#### [THE PROBLEM]
Give back the records in full, with every line exactly as it was.

START TASK DATA

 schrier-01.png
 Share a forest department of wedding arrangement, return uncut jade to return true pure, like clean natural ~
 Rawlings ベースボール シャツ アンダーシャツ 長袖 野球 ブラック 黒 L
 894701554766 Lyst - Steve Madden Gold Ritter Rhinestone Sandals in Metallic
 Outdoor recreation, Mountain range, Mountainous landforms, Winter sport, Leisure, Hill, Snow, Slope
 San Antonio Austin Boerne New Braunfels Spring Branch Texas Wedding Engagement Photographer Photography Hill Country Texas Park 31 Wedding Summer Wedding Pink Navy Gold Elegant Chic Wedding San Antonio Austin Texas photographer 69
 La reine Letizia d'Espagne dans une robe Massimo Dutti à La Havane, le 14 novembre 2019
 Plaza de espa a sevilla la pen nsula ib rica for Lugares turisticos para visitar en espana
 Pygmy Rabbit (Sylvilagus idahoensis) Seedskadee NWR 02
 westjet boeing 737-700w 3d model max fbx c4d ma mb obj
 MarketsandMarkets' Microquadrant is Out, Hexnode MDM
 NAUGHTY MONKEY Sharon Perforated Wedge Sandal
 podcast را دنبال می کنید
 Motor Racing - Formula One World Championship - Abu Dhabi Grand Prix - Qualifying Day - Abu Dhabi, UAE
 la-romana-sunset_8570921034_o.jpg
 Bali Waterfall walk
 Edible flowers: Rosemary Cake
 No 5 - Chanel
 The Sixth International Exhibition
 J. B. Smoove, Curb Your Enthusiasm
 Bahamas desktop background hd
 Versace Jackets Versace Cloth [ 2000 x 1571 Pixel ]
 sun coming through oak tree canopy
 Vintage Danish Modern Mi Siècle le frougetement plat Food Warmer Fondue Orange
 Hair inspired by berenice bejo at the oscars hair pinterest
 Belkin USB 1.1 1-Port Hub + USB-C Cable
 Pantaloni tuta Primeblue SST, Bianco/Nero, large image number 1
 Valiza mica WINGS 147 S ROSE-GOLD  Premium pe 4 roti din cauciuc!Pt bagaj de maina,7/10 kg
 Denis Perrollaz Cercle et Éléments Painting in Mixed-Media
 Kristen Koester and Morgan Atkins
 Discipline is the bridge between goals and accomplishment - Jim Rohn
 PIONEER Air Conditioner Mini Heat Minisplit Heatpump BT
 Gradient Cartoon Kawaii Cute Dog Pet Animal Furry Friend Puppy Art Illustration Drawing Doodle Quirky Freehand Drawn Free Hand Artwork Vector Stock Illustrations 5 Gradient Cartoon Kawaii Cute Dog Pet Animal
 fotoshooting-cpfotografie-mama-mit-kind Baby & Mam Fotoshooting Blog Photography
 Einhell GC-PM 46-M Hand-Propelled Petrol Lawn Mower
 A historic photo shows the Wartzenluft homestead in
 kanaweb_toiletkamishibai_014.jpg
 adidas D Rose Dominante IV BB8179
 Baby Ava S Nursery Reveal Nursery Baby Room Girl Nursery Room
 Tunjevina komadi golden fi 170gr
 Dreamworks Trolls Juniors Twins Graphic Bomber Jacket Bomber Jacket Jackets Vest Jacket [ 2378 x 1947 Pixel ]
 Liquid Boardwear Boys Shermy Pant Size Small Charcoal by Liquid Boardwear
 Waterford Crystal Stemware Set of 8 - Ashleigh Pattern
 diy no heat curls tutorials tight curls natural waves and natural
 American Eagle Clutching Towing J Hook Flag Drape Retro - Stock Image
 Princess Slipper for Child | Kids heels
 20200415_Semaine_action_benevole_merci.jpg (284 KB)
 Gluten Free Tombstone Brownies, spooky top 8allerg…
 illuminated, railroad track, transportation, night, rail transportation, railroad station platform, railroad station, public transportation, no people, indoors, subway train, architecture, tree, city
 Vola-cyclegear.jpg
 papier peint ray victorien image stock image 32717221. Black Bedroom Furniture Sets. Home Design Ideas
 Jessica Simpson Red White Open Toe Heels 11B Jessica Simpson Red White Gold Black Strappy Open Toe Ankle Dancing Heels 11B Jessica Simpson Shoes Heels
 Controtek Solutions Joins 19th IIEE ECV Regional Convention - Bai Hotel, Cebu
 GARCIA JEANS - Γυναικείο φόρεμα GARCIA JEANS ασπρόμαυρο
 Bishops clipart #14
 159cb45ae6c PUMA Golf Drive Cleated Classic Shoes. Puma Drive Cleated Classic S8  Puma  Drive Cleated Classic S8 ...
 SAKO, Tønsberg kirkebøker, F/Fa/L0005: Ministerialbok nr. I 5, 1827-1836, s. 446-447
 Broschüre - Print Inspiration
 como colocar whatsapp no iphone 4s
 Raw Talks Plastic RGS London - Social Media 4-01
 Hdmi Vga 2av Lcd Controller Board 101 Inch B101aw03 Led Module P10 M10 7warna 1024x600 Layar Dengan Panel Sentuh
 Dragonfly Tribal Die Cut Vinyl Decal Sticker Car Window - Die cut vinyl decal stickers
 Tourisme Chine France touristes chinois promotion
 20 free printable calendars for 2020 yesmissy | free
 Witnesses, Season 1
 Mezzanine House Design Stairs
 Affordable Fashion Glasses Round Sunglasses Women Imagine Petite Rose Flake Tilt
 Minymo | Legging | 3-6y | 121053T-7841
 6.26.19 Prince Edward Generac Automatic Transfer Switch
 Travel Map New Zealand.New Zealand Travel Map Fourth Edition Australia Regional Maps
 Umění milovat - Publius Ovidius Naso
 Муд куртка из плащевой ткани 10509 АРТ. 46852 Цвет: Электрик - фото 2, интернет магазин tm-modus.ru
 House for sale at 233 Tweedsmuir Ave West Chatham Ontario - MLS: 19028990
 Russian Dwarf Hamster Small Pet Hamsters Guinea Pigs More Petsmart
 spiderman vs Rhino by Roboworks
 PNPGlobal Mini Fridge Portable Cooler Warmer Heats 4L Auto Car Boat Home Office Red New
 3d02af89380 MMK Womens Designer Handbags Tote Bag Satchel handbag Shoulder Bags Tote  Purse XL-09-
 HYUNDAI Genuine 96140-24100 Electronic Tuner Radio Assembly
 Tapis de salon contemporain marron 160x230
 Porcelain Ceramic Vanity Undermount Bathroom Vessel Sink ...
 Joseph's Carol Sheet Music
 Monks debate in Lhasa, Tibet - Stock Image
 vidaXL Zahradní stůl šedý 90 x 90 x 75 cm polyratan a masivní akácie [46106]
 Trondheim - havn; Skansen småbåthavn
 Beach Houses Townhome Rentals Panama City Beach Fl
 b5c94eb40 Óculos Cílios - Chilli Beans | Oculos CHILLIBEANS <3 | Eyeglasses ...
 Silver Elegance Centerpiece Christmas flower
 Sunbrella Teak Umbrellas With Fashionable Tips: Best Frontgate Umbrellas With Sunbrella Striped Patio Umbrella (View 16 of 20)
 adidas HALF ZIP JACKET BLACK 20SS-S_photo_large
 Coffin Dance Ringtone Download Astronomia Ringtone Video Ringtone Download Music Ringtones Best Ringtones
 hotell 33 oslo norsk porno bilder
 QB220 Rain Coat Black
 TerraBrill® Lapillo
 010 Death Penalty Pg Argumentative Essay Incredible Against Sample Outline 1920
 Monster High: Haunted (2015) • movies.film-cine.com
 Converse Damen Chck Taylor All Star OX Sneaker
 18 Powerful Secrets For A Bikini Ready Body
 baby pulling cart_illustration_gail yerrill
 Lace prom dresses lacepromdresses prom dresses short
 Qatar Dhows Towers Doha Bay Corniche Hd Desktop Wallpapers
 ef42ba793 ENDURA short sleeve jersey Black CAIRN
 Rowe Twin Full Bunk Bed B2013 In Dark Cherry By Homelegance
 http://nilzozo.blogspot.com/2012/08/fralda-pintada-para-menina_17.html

END TASK DATA

#### [RESULT FOR THIS EXERCISE]
 schrier-01.png
 Share a forest department of wedding arrangement, return uncut jade to return true pure, like clean natural ~
 Rawlings ベースボール シャツ アンダーシャツ 長袖 野球 ブラック 黒 L
 894701554766 Lyst - Steve Madden Gold Ritter Rhinestone Sandals in Metallic
 Outdoor recreation, Mountain range, Mountainous landforms, Winter sport, Leisure, Hill, Snow, Slope
 San Antonio Austin Boerne New Braunfels Spring Branch Texas Wedding Engagement Photographer Photography Hill Country Texas Park 31 Wedding Summer Wedding Pink Navy Gold Elegant Chic Wedding San Antonio Austin Texas photographer 69
 La reine Letizia d'Espagne dans une robe Massimo Dutti à La Havane, le 14 novembre 2019
 Plaza de espa a sevilla la pen nsula ib rica for Lugares turisticos para visitar en espana
 Pygmy Rabbit (Sylvilagus idahoensis) Seedskadee NWR 02
 westjet boeing 737-700w 3d model max fbx c4d ma mb obj
 MarketsandMarkets' Microquadrant is Out, Hexnode MDM
 NAUGHTY MONKEY Sharon Perforated Wedge Sandal
 podcast را دنبال می کنید
 Motor Racing - Formula One World Championship - Abu Dhabi Grand Prix - Qualifying Day - Abu Dhabi, UAE
 la-romana-sunset_8570921034_o.jpg
 Bali Waterfall walk
 Edible flowers: Rosemary Cake
 No 5 - Chanel
 The Sixth International Exhibition
 J. B. Smoove, Curb Your Enthusiasm
 Bahamas desktop background hd
 Versace Jackets Versace Cloth [ 2000 x 1571 Pixel ]
 sun coming through oak tree canopy
 Vintage Danish Modern Mi Siècle le frougetement plat Food Warmer Fondue Orange
 Hair inspired by berenice bejo at the oscars hair pinterest
 Belkin USB 1.1 1-Port Hub + USB-C Cable
 Pantaloni tuta Primeblue SST, Bianco/Nero, large image number 1
 Valiza mica WINGS 147 S ROSE-GOLD  Premium pe 4 roti din cauciuc!Pt bagaj de maina,7/10 kg
 Denis Perrollaz Cercle et Éléments Painting in Mixed-Media
 Kristen Koester and Morgan Atkins
 Discipline is the bridge between goals and accomplishment - Jim Rohn
 PIONEER Air Conditioner Mini Heat Minisplit Heatpump BT
 Gradient Cartoon Kawaii Cute Dog Pet Animal Furry Friend Puppy Art Illustration Drawing Doodle Quirky Freehand Drawn Free Hand Artwork Vector Stock Illustrations 5 Gradient Cartoon Kawaii Cute Dog Pet Animal
 fotoshooting-cpfotografie-mama-mit-kind Baby & Mam Fotoshooting Blog Photography
 Einhell GC-PM 46-M Hand-Propelled Petrol Lawn Mower
 A historic photo shows the Wartzenluft homestead in
 kanaweb_toiletkamishibai_014.jpg
 adidas D Rose Dominante IV BB8179
 Baby Ava S Nursery Reveal Nursery Baby Room Girl Nursery Room
 Tunjevina komadi golden fi 170gr
 Dreamworks Trolls Juniors Twins Graphic Bomber Jacket Bomber Jacket Jackets Vest Jacket [ 2378 x 1947 Pixel ]
 Liquid Boardwear Boys Shermy Pant Size Small Charcoal by Liquid Boardwear
 Waterford Crystal Stemware Set of 8 - Ashleigh Pattern
 diy no heat curls tutorials tight curls natural waves and natural
 American Eagle Clutching Towing J Hook Flag Drape Retro - Stock Image
 Princess Slipper for Child | Kids heels
 20200415_Semaine_action_benevole_merci.jpg (284 KB)
 Gluten Free Tombstone Brownies, spooky top 8allerg…
 illuminated, railroad track, transportation, night, rail transportation, railroad station platform, railroad station, public transportation, no people, indoors, subway train, architecture, tree, city
 Vola-cyclegear.jpg
 papier peint ray victorien image stock image 32717221. Black Bedroom Furniture Sets. Home Design Ideas
 Jessica Simpson Red White Open Toe Heels 11B Jessica Simpson Red White Gold Black Strappy Open Toe Ankle Dancing Heels 11B Jessica Simpson Shoes Heels
 Controtek Solutions Joins 19th IIEE ECV Regional Convention - Bai Hotel, Cebu
 GARCIA JEANS - Γυναικείο φόρεμα GARCIA JEANS ασπρόμαυρο
 Bishops clipart #14
 159cb45ae6c PUMA Golf Drive Cleated Classic Shoes. Puma Drive Cleated Classic S8  Puma  Drive Cleated Classic S8 ...
 SAKO, Tønsberg kirkebøker, F/Fa/L0005: Ministerialbok nr. I 5, 1827-1836, s. 446-447
 Broschüre - Print Inspiration
 como colocar whatsapp no iphone 4s
 Raw Talks Plastic RGS London - Social Media 4-01
 Hdmi Vga 2av Lcd Controller Board 101 Inch B101aw03 Led Module P10 M10 7warna 1024x600 Layar Dengan Panel Sentuh
 Dragonfly Tribal Die Cut Vinyl Decal Sticker Car Window - Die cut vinyl decal stickers
 Tourisme Chine France touristes chinois promotion
 20 free printable calendars for 2020 yesmissy | free
 Witnesses, Season 1
 Mezzanine House Design Stairs
 Affordable Fashion Glasses Round Sunglasses Women Imagine Petite Rose Flake Tilt
 Minymo | Legging | 3-6y | 121053T-7841
 6.26.19 Prince Edward Generac Automatic Transfer Switch
 Travel Map New Zealand.New Zealand Travel Map Fourth Edition Australia Regional Maps
 Umění milovat - Publius Ovidius Naso
 Муд куртка из плащевой ткани 10509 АРТ. 46852 Цвет: Электрик - фото 2, интернет магазин tm-modus.ru
 House for sale at 233 Tweedsmuir Ave West Chatham Ontario - MLS: 19028990
 Russian Dwarf Hamster Small Pet Hamsters Guinea Pigs More Petsmart
 spiderman vs Rhino by Roboworks
 PNPGlobal Mini Fridge Portable Cooler Warmer Heats 4L Auto Car Boat Home Office Red New
 3d02af89380 MMK Womens Designer Handbags Tote Bag Satchel handbag Shoulder Bags Tote  Purse XL-09-
 HYUNDAI Genuine 96140-24100 Electronic Tuner Radio Assembly
 Tapis de salon contemporain marron 160x230
 Porcelain Ceramic Vanity Undermount Bathroom Vessel Sink ...
 Joseph's Carol Sheet Music
 Monks debate in Lhasa, Tibet - Stock Image
 vidaXL Zahradní stůl šedý 90 x 90 x 75 cm polyratan a masivní akácie [46106]
 Trondheim - havn; Skansen småbåthavn
 Beach Houses Townhome Rentals Panama City Beach Fl
 b5c94eb40 Óculos Cílios - Chilli Beans | Oculos CHILLIBEANS <3 | Eyeglasses ...
 Silver Elegance Centerpiece Christmas flower
 Sunbrella Teak Umbrellas With Fashionable Tips: Best Frontgate Umbrellas With Sunbrella Striped Patio Umbrella (View 16 of 20)
 adidas HALF ZIP JACKET BLACK 20SS-S_photo_large
 Coffin Dance Ringtone Download Astronomia Ringtone Video Ringtone Download Music Ringtones Best Ringtones
 hotell 33 oslo norsk porno bilder
 QB220 Rain Coat Black
 TerraBrill® Lapillo
 010 Death Penalty Pg Argumentative Essay Incredible Against Sample Outline 1920
 Monster High: Haunted (2015) • movies.film-cine.com
 Converse Damen Chck Taylor All Star OX Sneaker
 18 Powerful Secrets For A Bikini Ready Body
 baby pulling cart_illustration_gail yerrill
 Lace prom dresses lacepromdresses prom dresses short
 Qatar Dhows Towers Doha Bay Corniche Hd Desktop Wallpapers
 ef42ba793 ENDURA short sleeve jersey Black CAIRN
 Rowe Twin Full Bunk Bed B2013 In Dark Cherry By Homelegance
 http://nilzozo.blogspot.com/2012/08/fralda-pintada-para-menina_17.html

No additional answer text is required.